Marshal Ney pointed across the valley. ‘I want to break them, Dalmas. Take their confidence now and they will not stand up to us again. Sixth Corps are the finest regiments at the Emperor’s command and with lads like these you can do anything.

‘You didn’t get their spy.’ Dalmas remembered that just a few hours ago the marshal had said he did not give a damn about spies. It did not surprise him. He would have done the same if he were a marshal of France. ‘So you need a victory Dalmas.’

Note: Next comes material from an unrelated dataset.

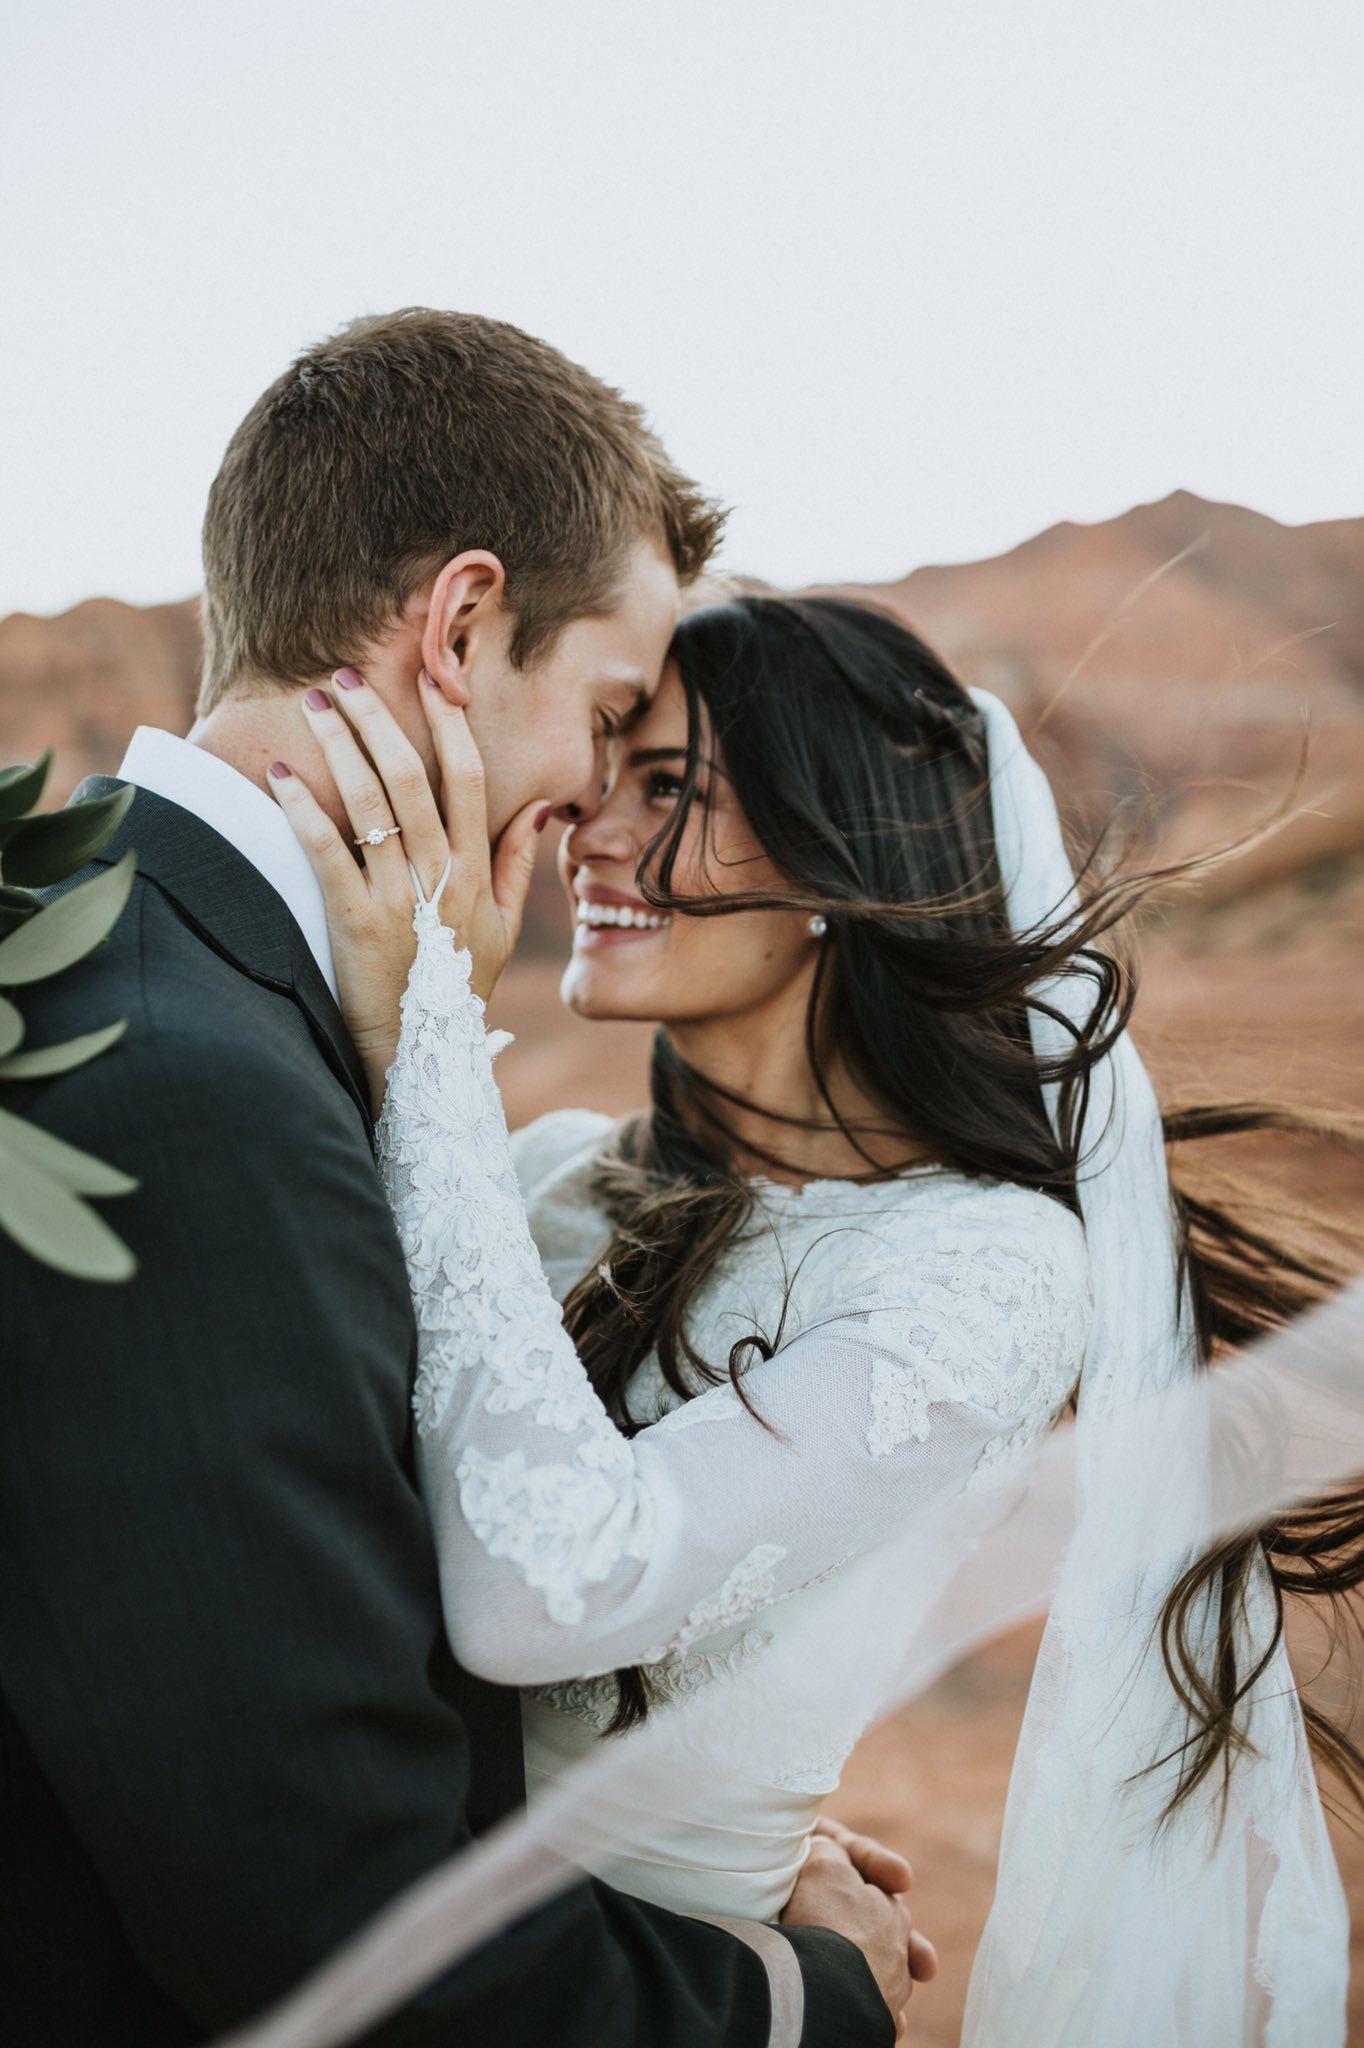 Pin by gabriela wolf on wedding photos in pinterest wedding
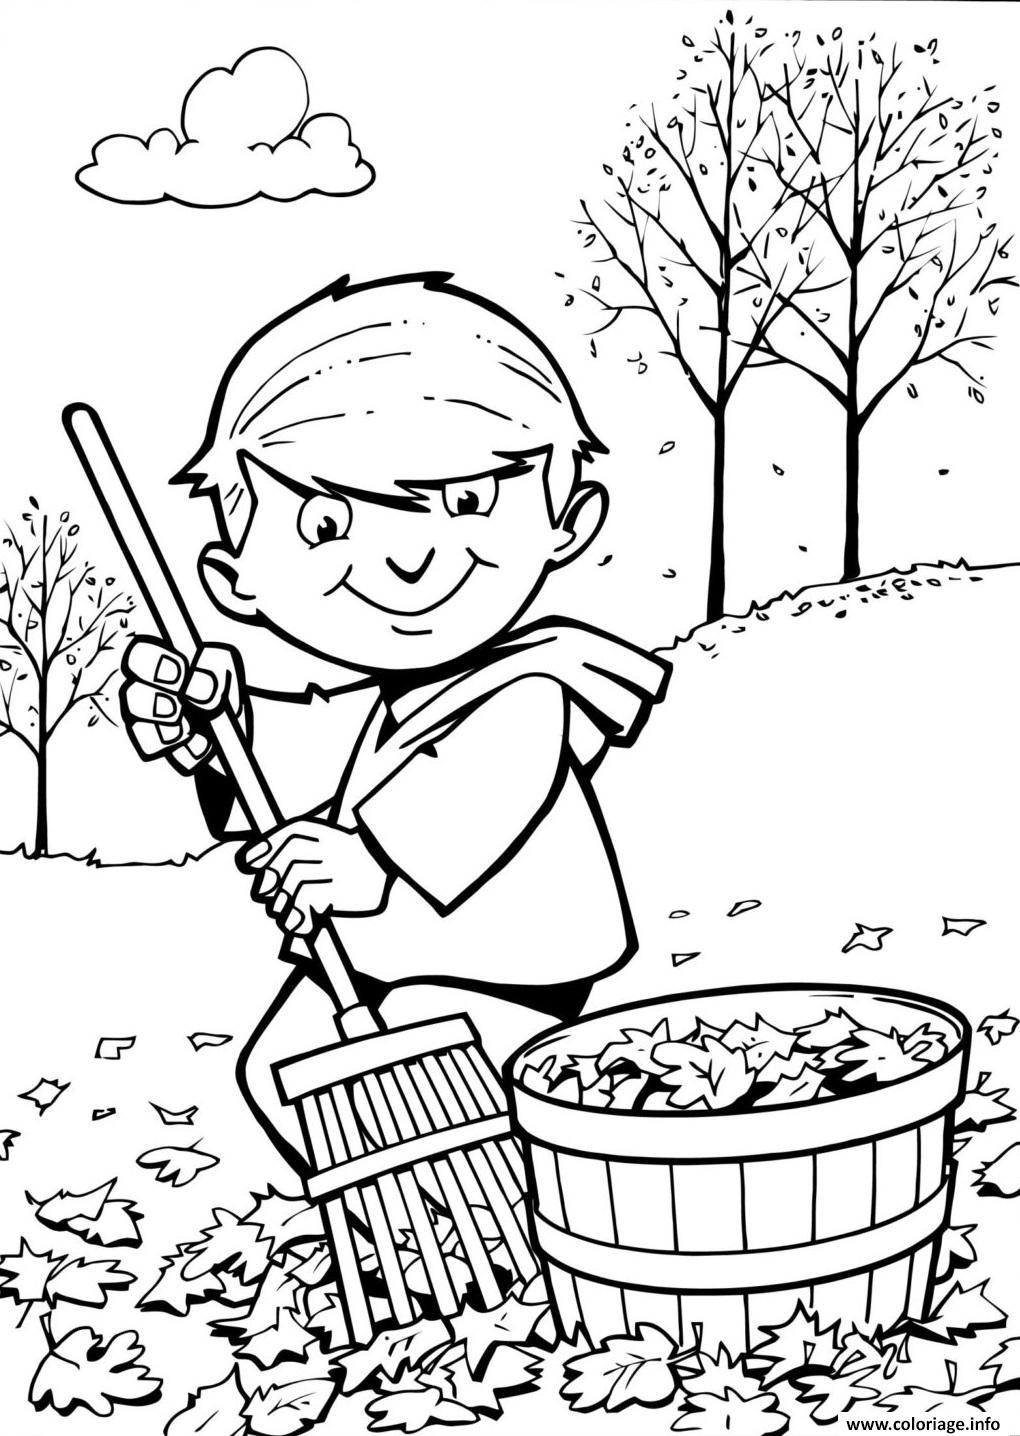 Coloriage Un Enfant Ramasse Les Feuilles Automne dessin

The cuirassier felt that he might as well play the game. ‘Your grace, I ask permission to lead the attack on the bridge.’

Marshal Ney tried and failed to feign surprise. ‘That is good. I need my best man to do this.’ After almost two years Dalmas was still a temporary ADC, without the full pay and privileges of the permanent staff. ‘Lead the Sixty-sixth. You won’t need a horse for that! Take them over the bridge and drive the rosbifs off at the point of the bayonet.

‘It is simple, Dalmas.’ The marshal reached down to pat him on the shoulder. ‘Storm the bridge and you will be a major by the end of the day, and have your own regiment within two years. Who knows?’ Ney smiled again, taking his hand away and waving it in the air. ‘One day a general or even a marshal!’

Dalmas brought his bloodstained sword up in salute.

‘I can see I have chosen the right man. Take that bridge at any price and do it quickly.’

It took half an hour to form the regiment up on the approach road, where they were at least sheltered from the sporadic shots coming from the far bank. The companies were formed six abreast, for no more than that could fit on the bridge.

‘The cross of the legion to the first men over!’ General Ferey promised the men as he inspected them.

Dalmas hoped that luck was real and that he still had plenty of it. He had dispensed with his cuirass, but kept the helmet and had no choice but to wear his high cavalry boots. They were not designed for running, but there were too many corpses on the bridge to try to ride across. It did not matter. If he could keep his men going, then speed itself was not so important. An attack like this would succeed if the enemy believed that it was unstoppable. The British must crack, or this column would be mown down like grass before the scythe, just as in the first assault. They needed luck, and they needed the British to be so unnerved by being chased from one position to another and hustled over the river that they would break. Dalmas had seen it often enough in cavalry charges, had seen enemy lines slow, and then seem almost to shiver as horses began to turn. Press on then, and the enemy would flee and those who did not go fast enough would easily be chopped from their saddles.

He turned to look beside him. The grenadier companies were too badly mauled to head this fresh attack and so the men behind him were the fusiliers, who formed the bulk of any regiment. Almost all had the moustaches of veterans. They looked tough, confident men, and Dalmas suspected that if anyone could win this fight then it was these soldiers.